Pride Place, a LGBTQ-affirming affordable senior housing project that will include a 4,400-square-foot senior and health services center rising above Broadway and neighboring Capitol Hill classic gay dance club Neighbours, is on track to open for its first residents late this summer.
Construction crews marked the development’s “topping out” in December, a milestone signifying the last major beams are in place and work can now begin to seal up the building, dry the structure out after weeks of ice and rain, and get to work on installing interiors as well as important systems like plumbing and electrical.
On CHS’s visit last month to the work site on Broadway between Pike and Pine, there were also important decisions being made — where in the neighborhood should they get tacos for the dozens of construction workers busy on the project to celebrate a 90-day safety milestone.
The development is the result of a collaborative effort of GenPride, the nonprofit serving LGBTQ older adults, and Community Roots Housing, a low-income housing provider headquartered on Capitol Hill but increasingly focused on investments across the city. But the work underway above Broadway since the project broke ground in September 2021 is being managed by Walsh Construction.
Along with Capitol Hill’s waves of development — including these new projects that took shape in 2022 — come construction offices. For the Pride Place project, Walsh has made its home along E Pine in part of the old Seattle Central property lined up for this future YouthCare development. Inside are office spaces and work tables for the management of the nearly three year construction project. Meanwhile, in the parking lot around the corner, Walsh has set up fenced parking for its crews and a display showing off the materials that will be used on the Pride Place building’s finish and brightly colored window boxes.

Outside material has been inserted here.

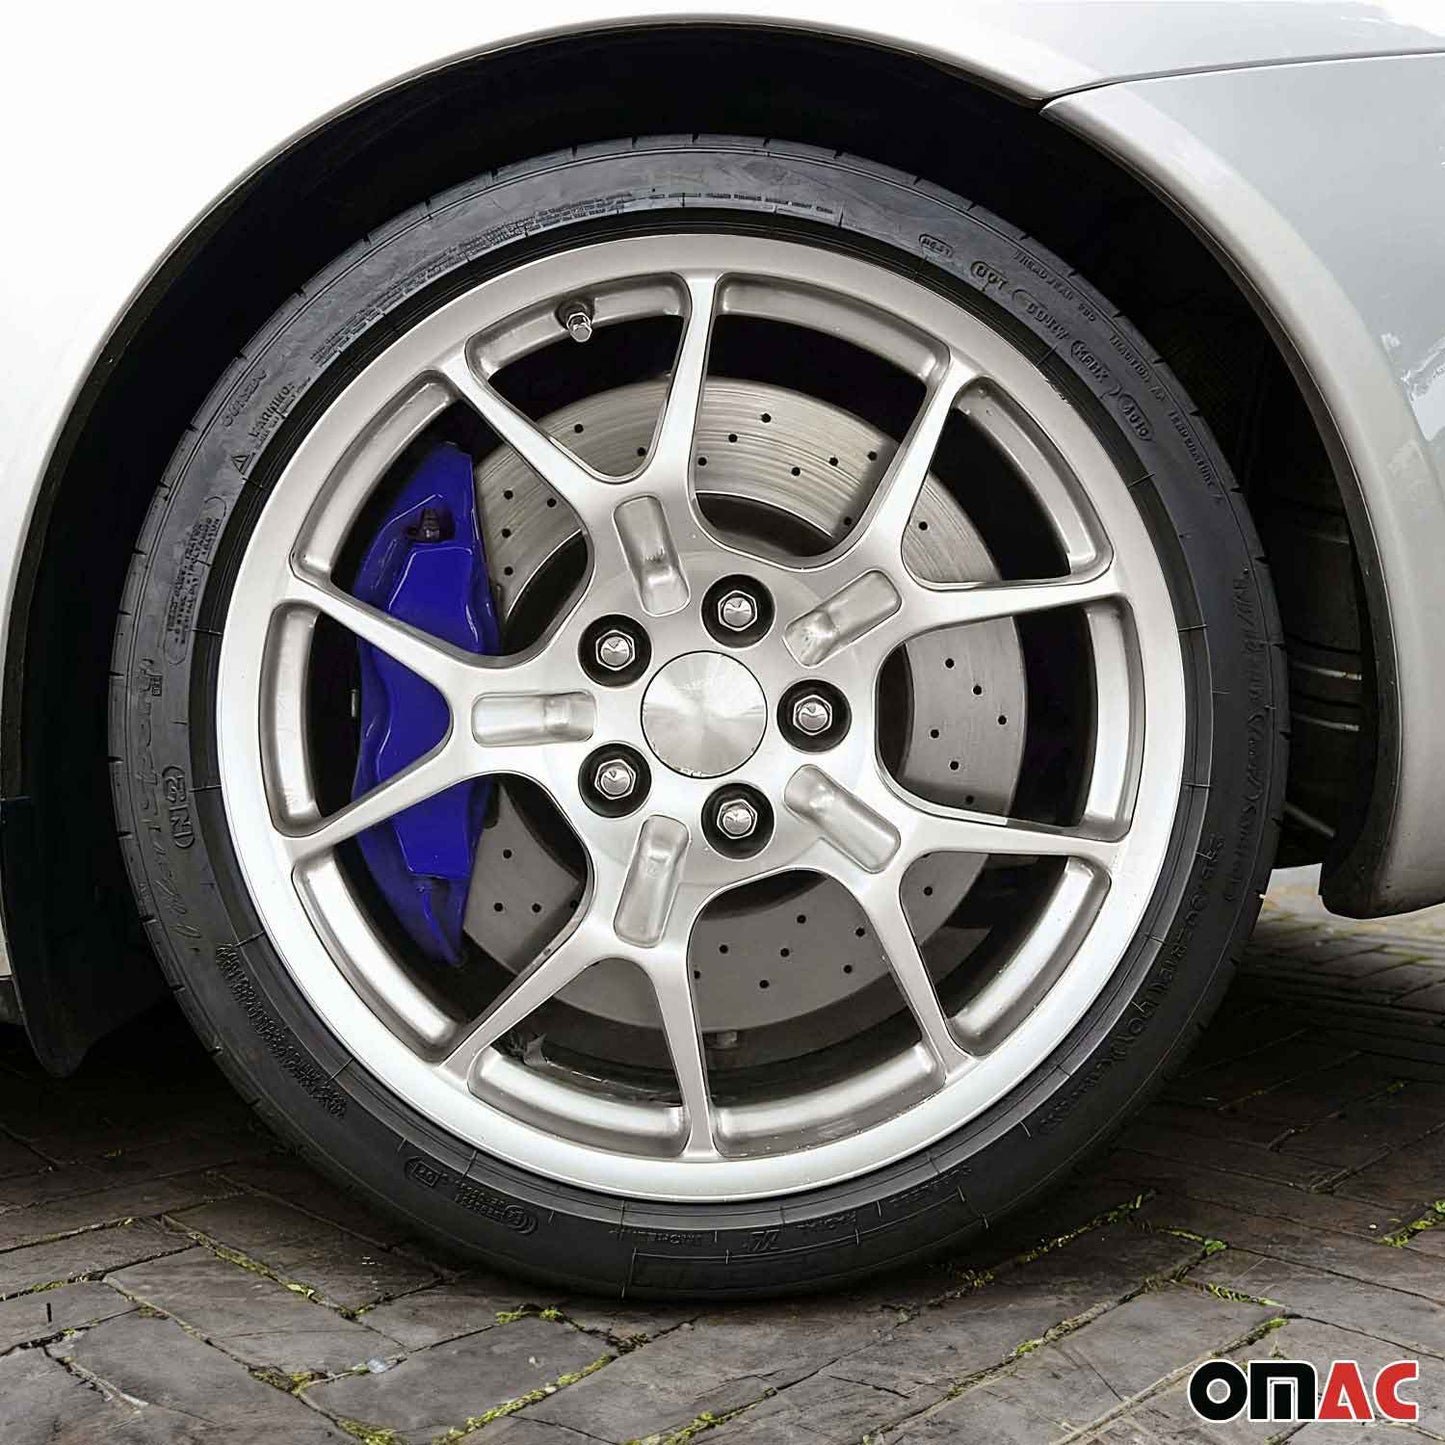 OMAC Brake Caliper Epoxy Based Car Paint Kit¬†Hawaii Blue Glossy High-Temp 96AA1013

Nobody knows where the mirror hanging in the preserved old commercial structure came from but — for now — it is staying (Image: CHS)

The roof won’t have resident access but will be covered with vegetation and solar panels (Image: CHS)
The building design was led by Environmental Works, a Hill-based nonprofit community design center. “We wanted to have randomized windows to show diversity and how the LGBTQ population…don’t have to stick with the mainstream,” Emma Johnston of Environmental Works told CHS at the project’s groundbreaking. “It’s really bringing forward the idea of being different and being exactly who you are. So, it’s not really uniform and rigid like a traditional building facade.”
In addition to 118 units of studio and one-bedroom apartments, the eight-story building will feature 3,800 square feet of commercial retail space and a 4,400-square-foot senior and health services center.
Inside, Pride Place is being built to match its communities with 14 of its units designed to meet the most accessible ADA requirements along with features like wider hallways and more railings.
Pride Place will be one of Seattle’s first “community preference” developments encouraging developers receiving city money to offer a portion of their affordable units to communities with ties to the neighborhood, particularly those with a high risk of displacement.” Community Roots Housing — then still under its original Capitol Hill Housing name — collaborated with Black and Central District focused groups to open the Liberty Bank Building, an equitable development and affordable housing project at 24th and Union, in 2019.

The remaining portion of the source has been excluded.